[Data entries]
........
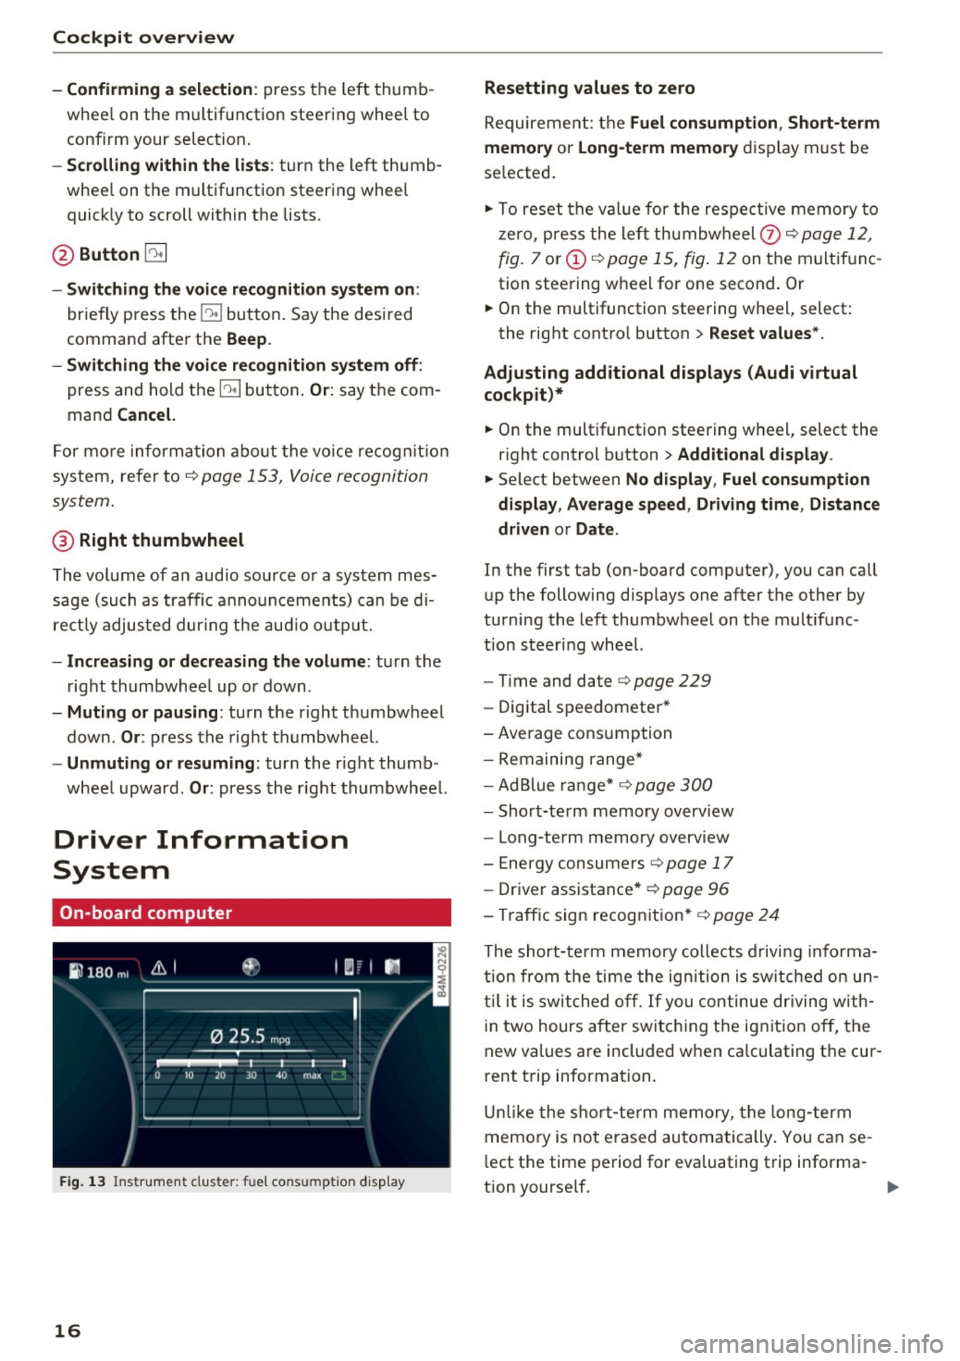 AUDI A4 2017 User Guide Cockpit  overview 
- Confirming  a  selection: 
press  the left  thumb ­
whee l on  the  multif unction  steering  wheel  to 
confirm  your  selection . 
-Scrolling  within  the  lists: turn  the  le
........
*EXERCISE REQUIREMENTS*
A faithful copy is needed: reproduce all of the data above, leaving the pictures out.

*ANSWER TO THIS PROBLEM*
 AUDI A4 2017 User Guide Cockpit  overview 
- Confirming  a  selection: 
press  the left  thumb ­
whee l on  the  multif unction  steering  wheel  to 
confirm  your  selection . 
-Scrolling  within  the  lists: turn  the  le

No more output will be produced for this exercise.